This cost obsession fuses with the design culture. "Designing beautiful-but-expensive products is easy," says Josephine Rydberg-Dumont, president of Ikea of Sweden. "Designing beautiful products that are inexpensive and functional is a huge challenge."

No design — no matter how inspired — finds its way into the showroom if it cannot be made affordable. To achieve that goal, the company's 12 full-time designers at Almhult, Sweden, along with 80 freelancers, work hand in hand with in-house production teams to identify the appropriate materials and least costly suppliers, a trial-and-error process that can take as long as three years. Example: For the PS Ellan, a $39.99 dining chair that can rock back on its hind legs without tipping over, designer Chris Martin worked with production staff for a year and a half to adapt a wood-fiber composite, an inexpensive blend of wood chips and plastic resin used in highway noise barriers, for use in furnishings. Martin also had to design the chair to break down into six pieces, so it could be flat-packed and snapped together without screws.

With a network of 1,300 suppliers in 53 countries, Ikea works overtime to find the right manufacturer for the right product. It once contracted with ski makers — experts in bent wood — to manufacture its Poang armchairs, and it has tapped makers of supermarket carts to turn out durable sofas. Simplicity, a tenet of Swedish design, helps keep costs down. The 50 cents Trofé mug comes only in blue and white, the least expensive pigments. Ikea's conservation drive extends naturally from this cost-cutting. For its new PS line, it challenged 28 designers to find innovative uses for discarded and unusual materials. The results: a table fashioned from reddish-brown birch heartwood (furniture makers prefer the pale exterior wood) and a storage system made from recycled milk cartons.

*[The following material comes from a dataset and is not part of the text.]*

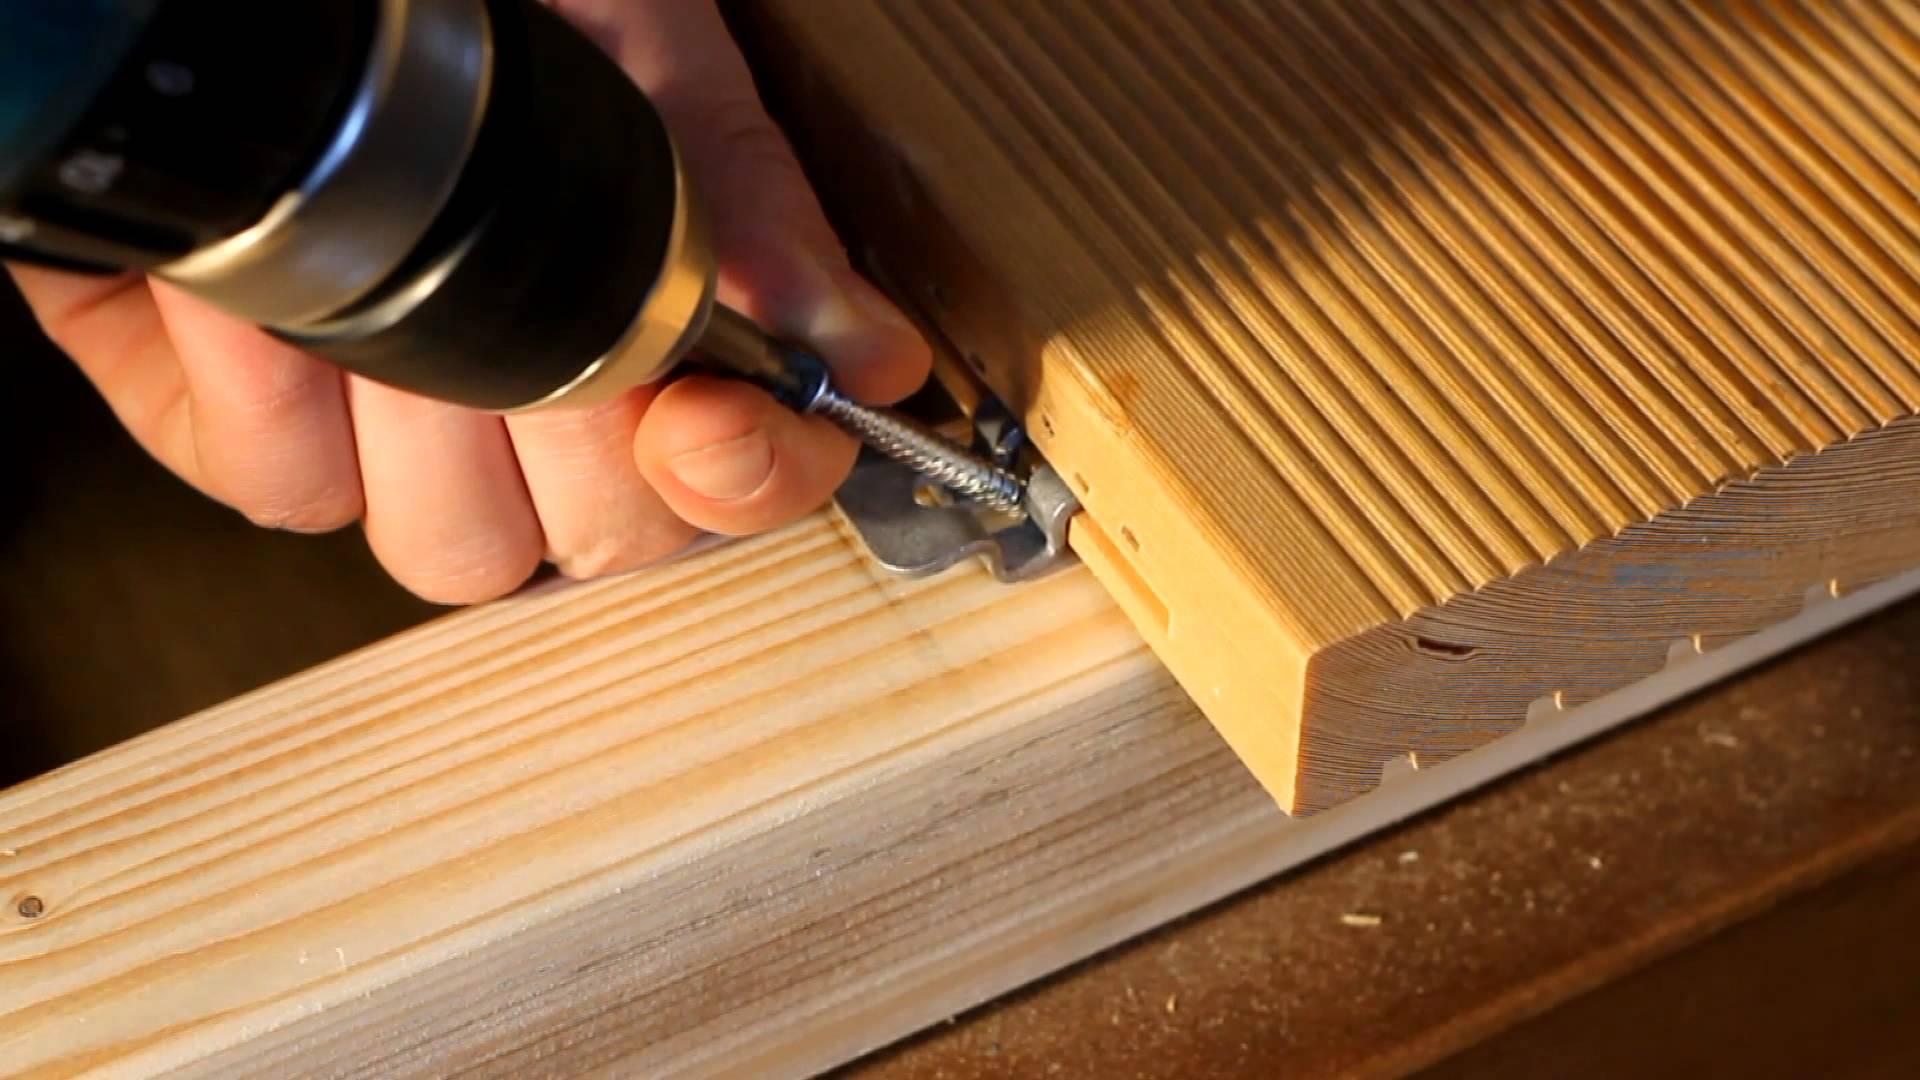 Сорта террасной доски из лиственницы: как укладывать, чем обработать +видео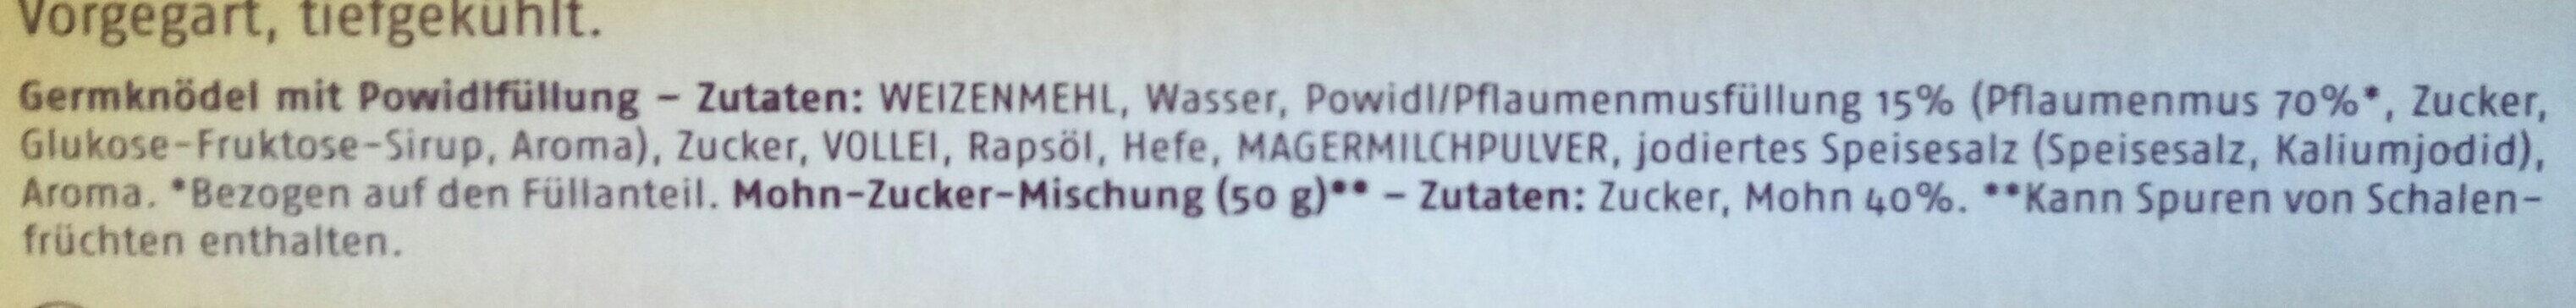 Riesen-Germknödel mit Mohn-Zucker - Ingredients - de

If sales keep growing at their historical average, by 2010 Ikea will need to source twice as much material as today. "We can't increase by more than 20 stores a year because supply is the bottleneck," says Lennart Dahlgren, country manager for Russia. Since Russia is a source of timber, Ikea aims to turn it into a major supplier of finished products.

Adding to the challenge, the suppliers and designers have to customize some Ikea products to make them sell better in local markets. In China, the 250,000 plastic placemats Ikea produced to commemorate the year of the rooster sold out in just three weeks. Julie Desrosiers, the bedroom-line manager at Ikea of Sweden, visited people's houses in the U.S. and Europe to peek into their closets, learning that "Americans prefer to store most of their clothes folded, and Italians like to hang." The result was a wardrobe that features deeper drawers for U.S. customers.